After AI models entered large-scale application, demand for inference computing power continued to rise. Compared to the training phase, the requirements for chip architecture, latency, and deployment costs differ when models generate responses online or execute agent tasks. TechCrunch reports that inference cloud provider General Compute is attempting to enter this market with a lighter deployment solution.
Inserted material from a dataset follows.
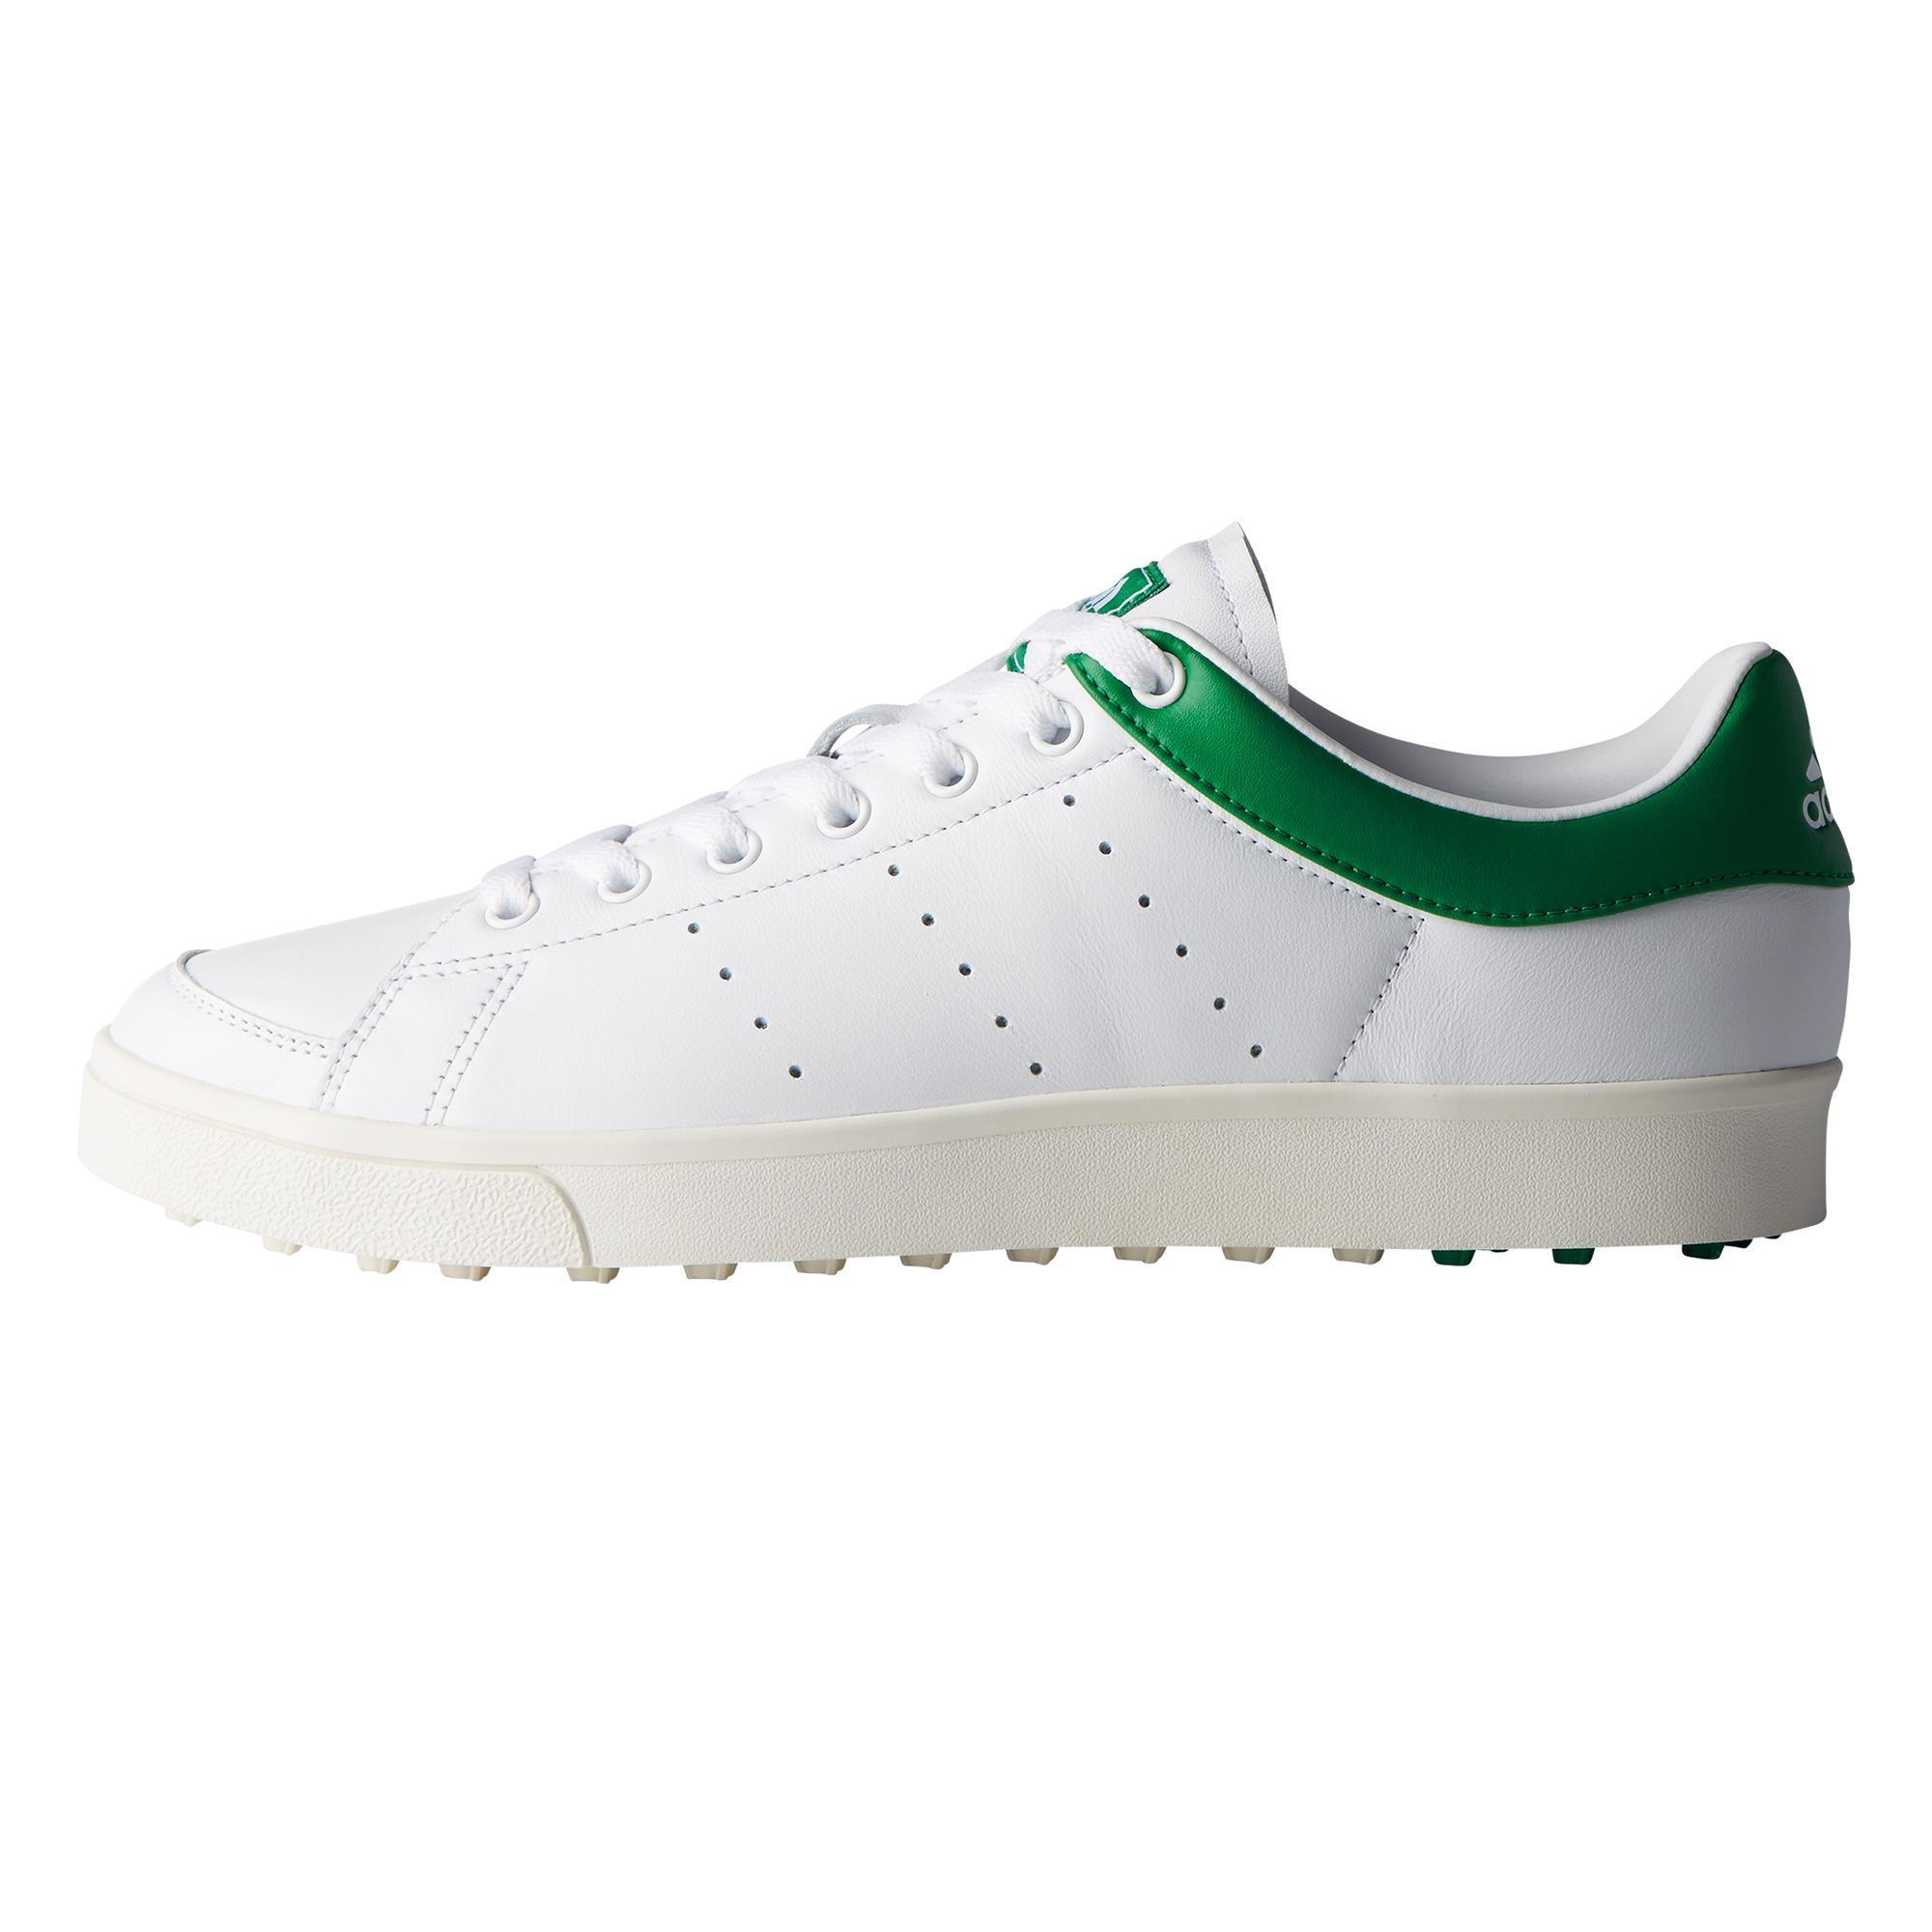 new styles 02025 15e67 Adidas Golfschoenen Adicross Classic voor heren wit

General Compute recently completed a $15 million seed round, with a post-money valuation of $60 million. The round was led by FUSE VC, with participation from Carya Venture Partners and Village Global Ventures. The company positions itself as a "reasoning neocloud," primarily renting out AI processing power required during model inference.
Bet on SambaNova's inference chip
In the AI infrastructure market, GPUs remain the dominant choice, but an increasing number of companies are betting on chips specifically designed for inference workloads. The report notes that General Compute has opted to partner with SambaNova rather than directly competing for scarce GPU resources.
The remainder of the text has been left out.